::: Exercise data :::

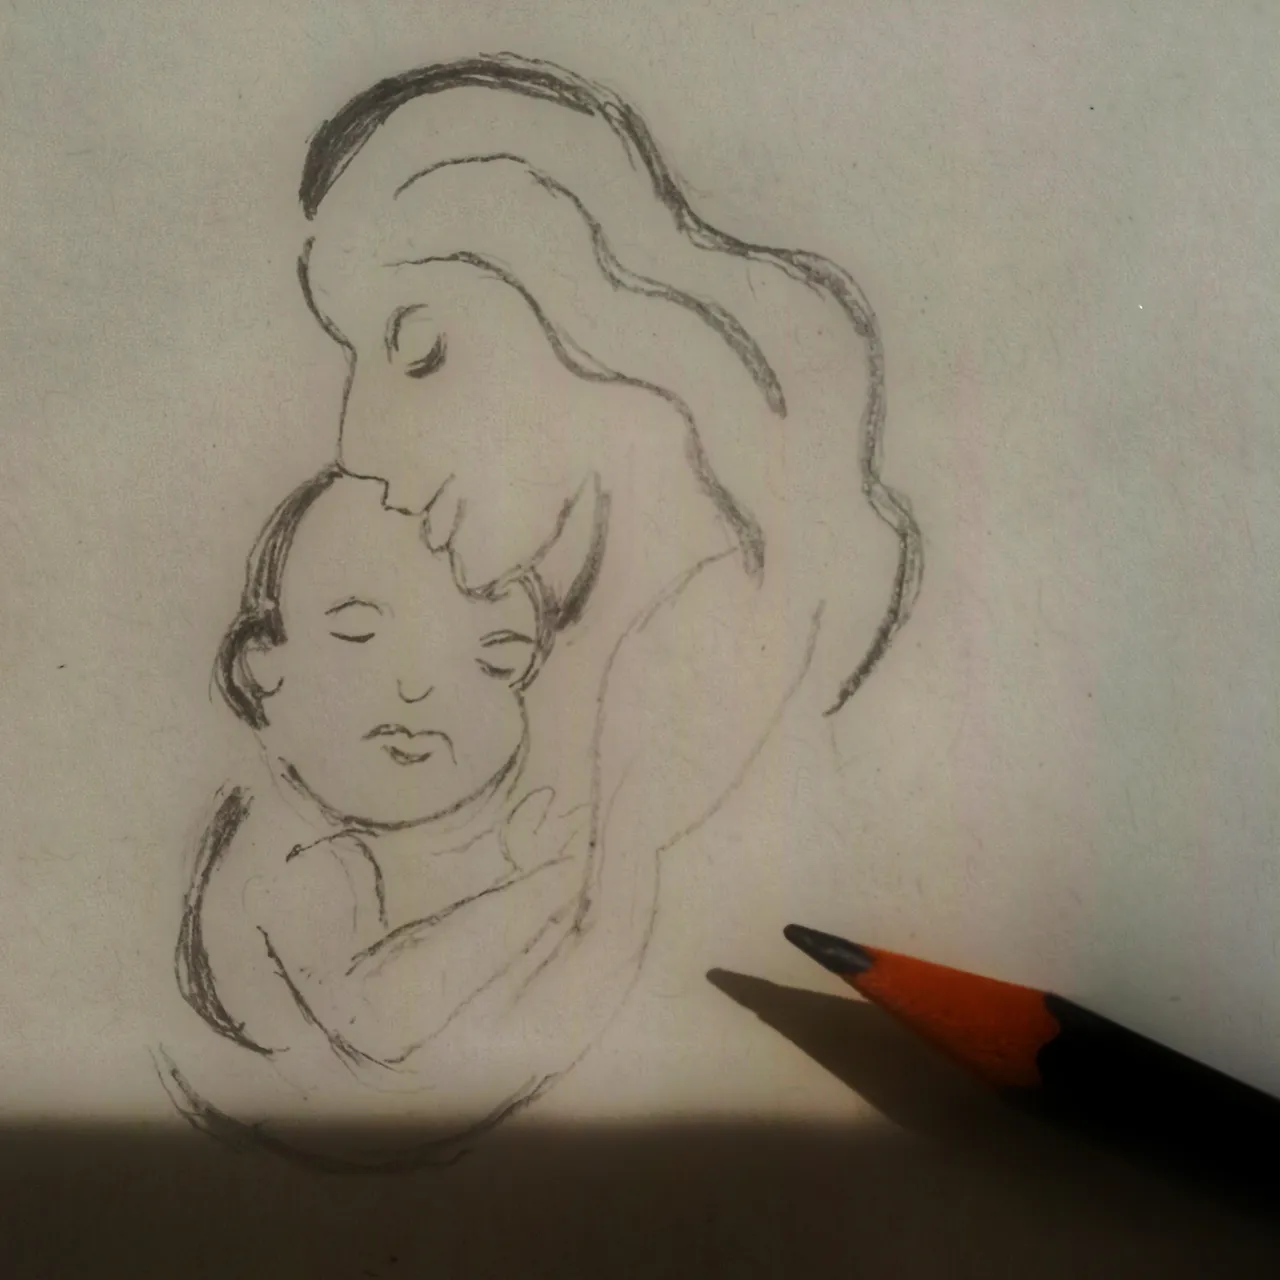 I Recenly Purchased A Pencil Sketch Of A Nursing Woman With Child And What  ... | Pablo Picasso Club
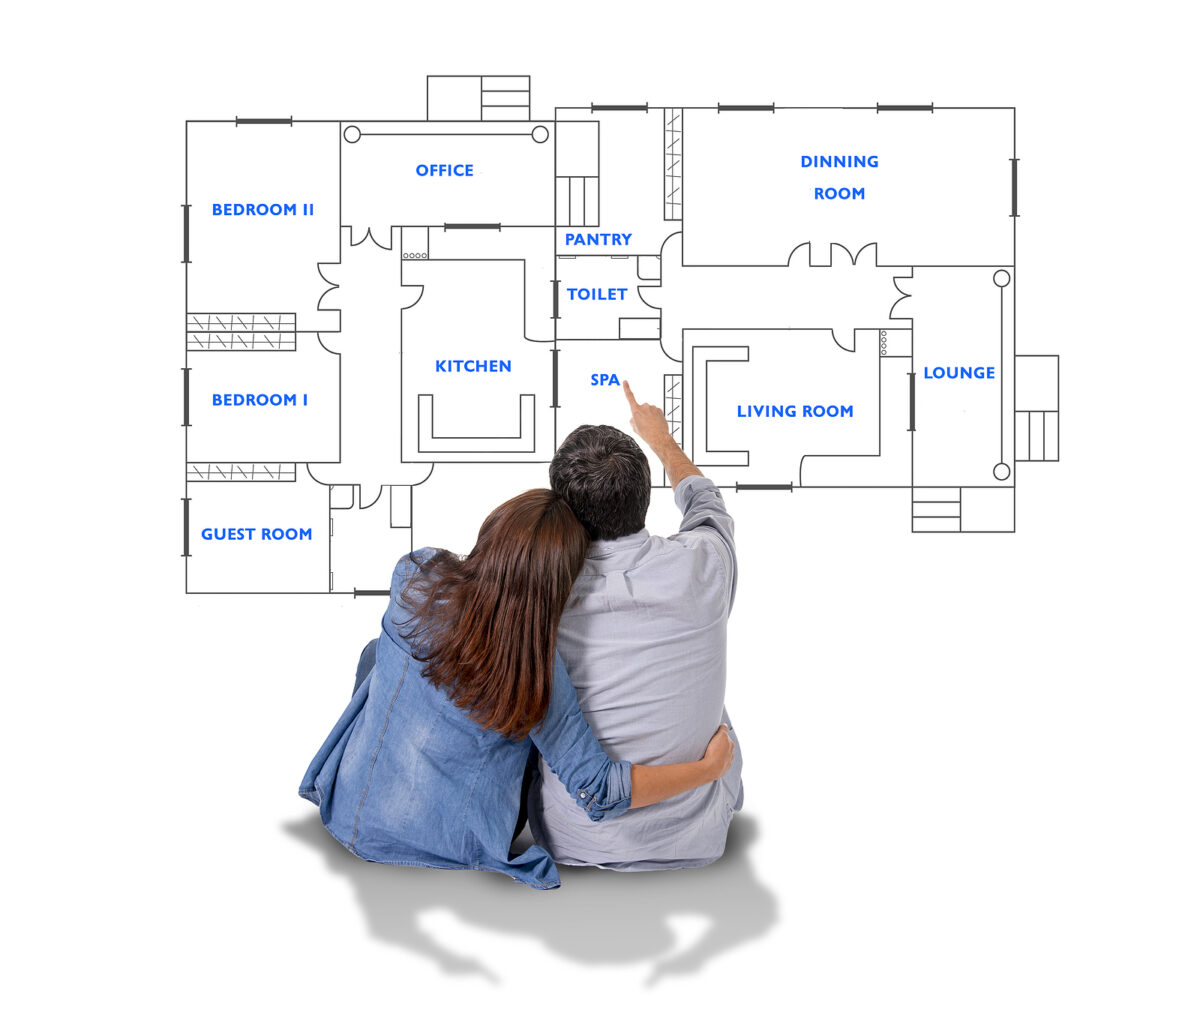 Finding Your Dream Home: Which Home Type is Perfect for You?
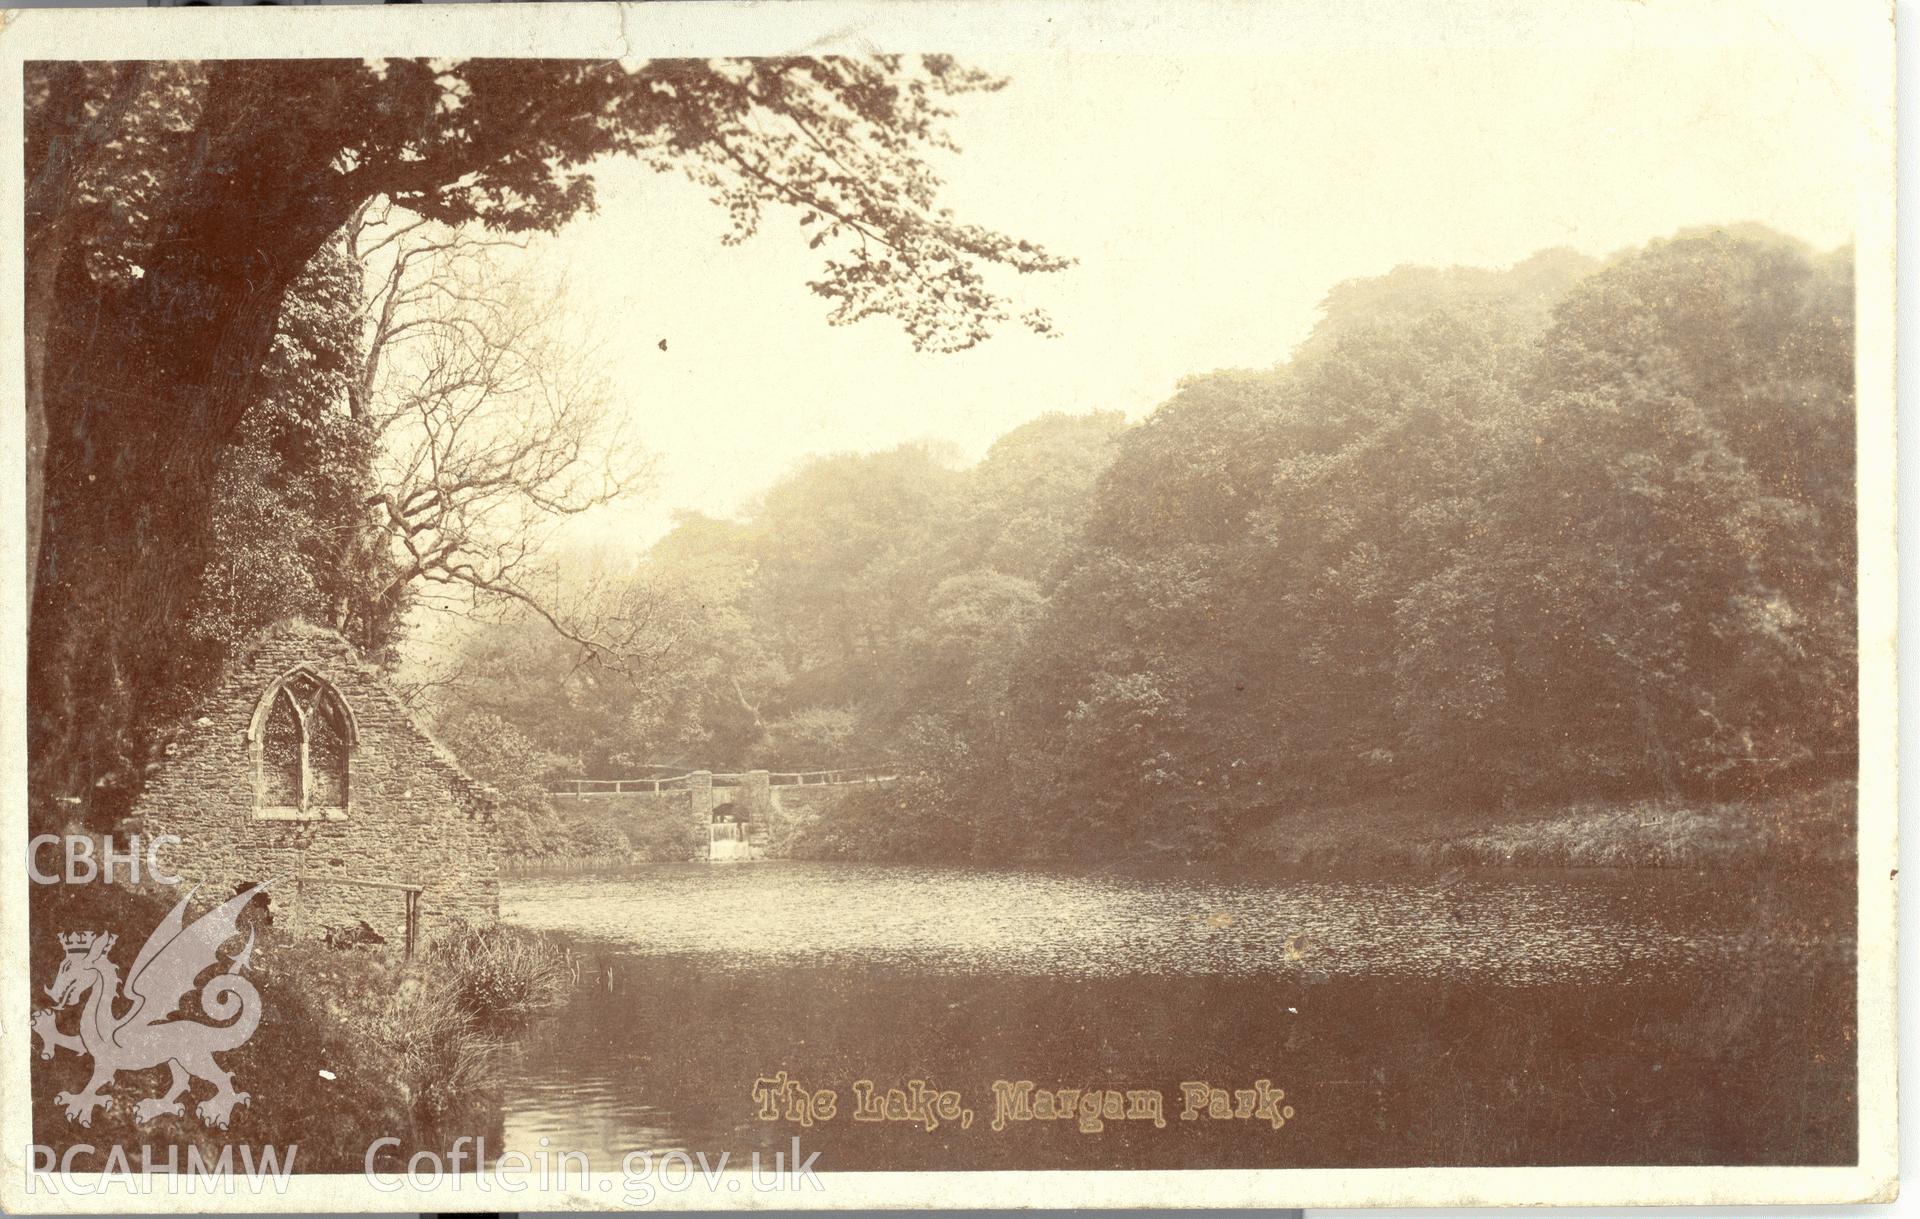 Digitised postcard image of the lake, Margam park gardens, F.W. Holloway, Windsor Road, Neath. Produced by Parks and Gardens Data Services, from an original item in the Peter Davis Collection at Parks and Gardens UK. We hold only web-resolution images of this collection, suitable for viewing on screen and for research purposes only. We do not hold the original images, or publication quality scans.

:::

Problem statement => With the pictures excluded, the line containing "Finding Your Dream" and every line after it through the end of the data above are to be transcribed exactly, and nothing more.

Task response =>
 Finding Your Dream Home: Which Home Type is Perfect for You?
 Digitised postcard image of the lake, Margam park gardens, F.W. Holloway, Windsor Road, Neath. Produced by Parks and Gardens Data Services, from an original item in the Peter Davis Collection at Parks and Gardens UK. We hold only web-resolution images of this collection, suitable for viewing on screen and for research purposes only. We do not hold the original images, or publication quality scans.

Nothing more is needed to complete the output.